The following commands were introduced or modified: reverse-route .

Reverse Route Remote Peer Options

12.2(13)T

12.2(14)S

An enhancement was added to RRI to allow you to specify an interface or address as the explicit next hop to the remote VPN device. This functionality allows the overriding of a default route to properly direct outgoing encrypted packets.

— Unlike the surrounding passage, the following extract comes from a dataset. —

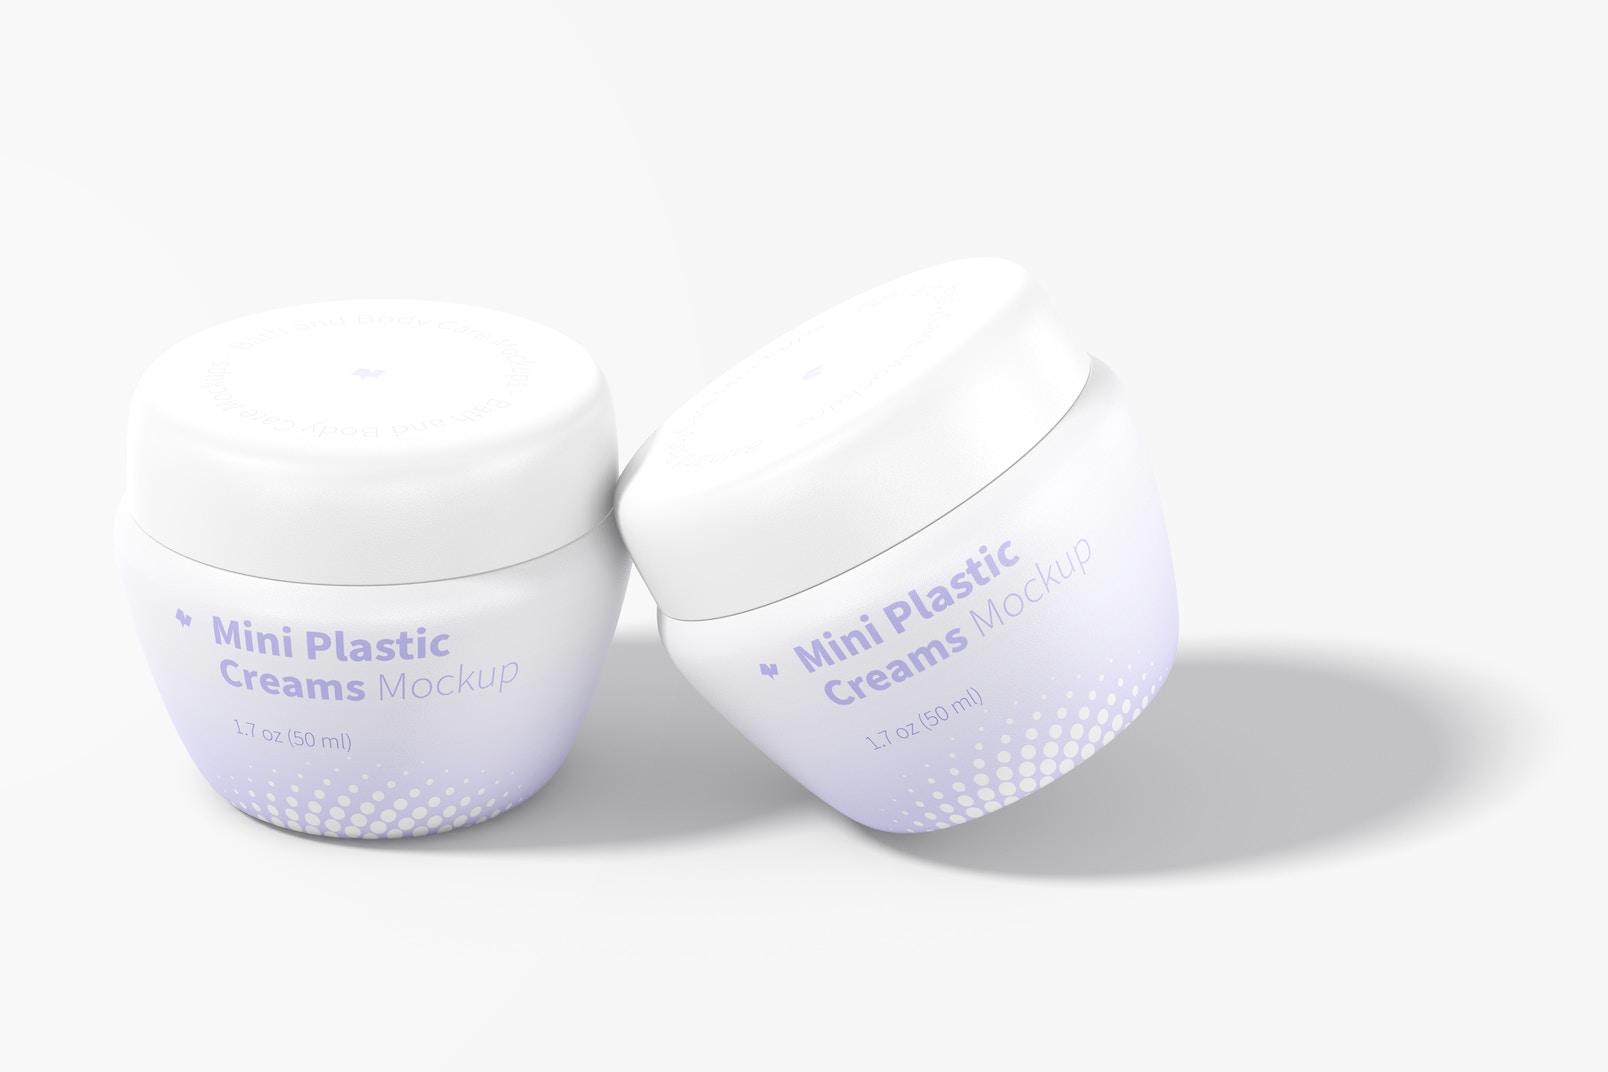 Mini Plastic Cream Jars with Lid Mockup, Perspective View

Reverse Route Injection Enhancements

12.2(33)SRA

12.2(33)SXH

12.3(14)T

The following enhancements were added to the Reverse Route Injection feature:

  • The default behavior of static crypto maps will be the same as that of dynamic crypto maps unless the reverse-route command and static keyword are used.

  • A route tag value was added for any routes that are created using RRI.

  • RRI can be configured on the same crypto map that is applied to multiple router interfaces.

  • RRI configured with the reverse-route remote-peer ip-address command, keyword, and argument will create one route instead of two.

The following command was modified by these feature enhancements: reverse-route .

Gateway Option

12.4(15)T

15.1(3)S

This option allows you to configure unique next hops or gateways for remote tunnel endpoints.

RRI Distance Metric

12.4(15)T

15.1(3)S

This enhancement allows you to define a metric distance for each static route.

The following commands were introduced or modified: reverse-route, set reverse-route .

show crypto route Command

12.4(15)T

15.1(3)S

This command displays routes that are created through IPsec via RRI or Easy VPN VTIs.

Support for RRI on IPsec Profiles

12.4(15)T

15.1(3)S

This feature provides support for relevant RRI options on IPsec profiles that are predominantly used by VTIs.

Tag Option Configuration Changes

12.4(15)T

15.1(3)S

The tag option is now supported with IPsec profiles under the set reverse-route tag command.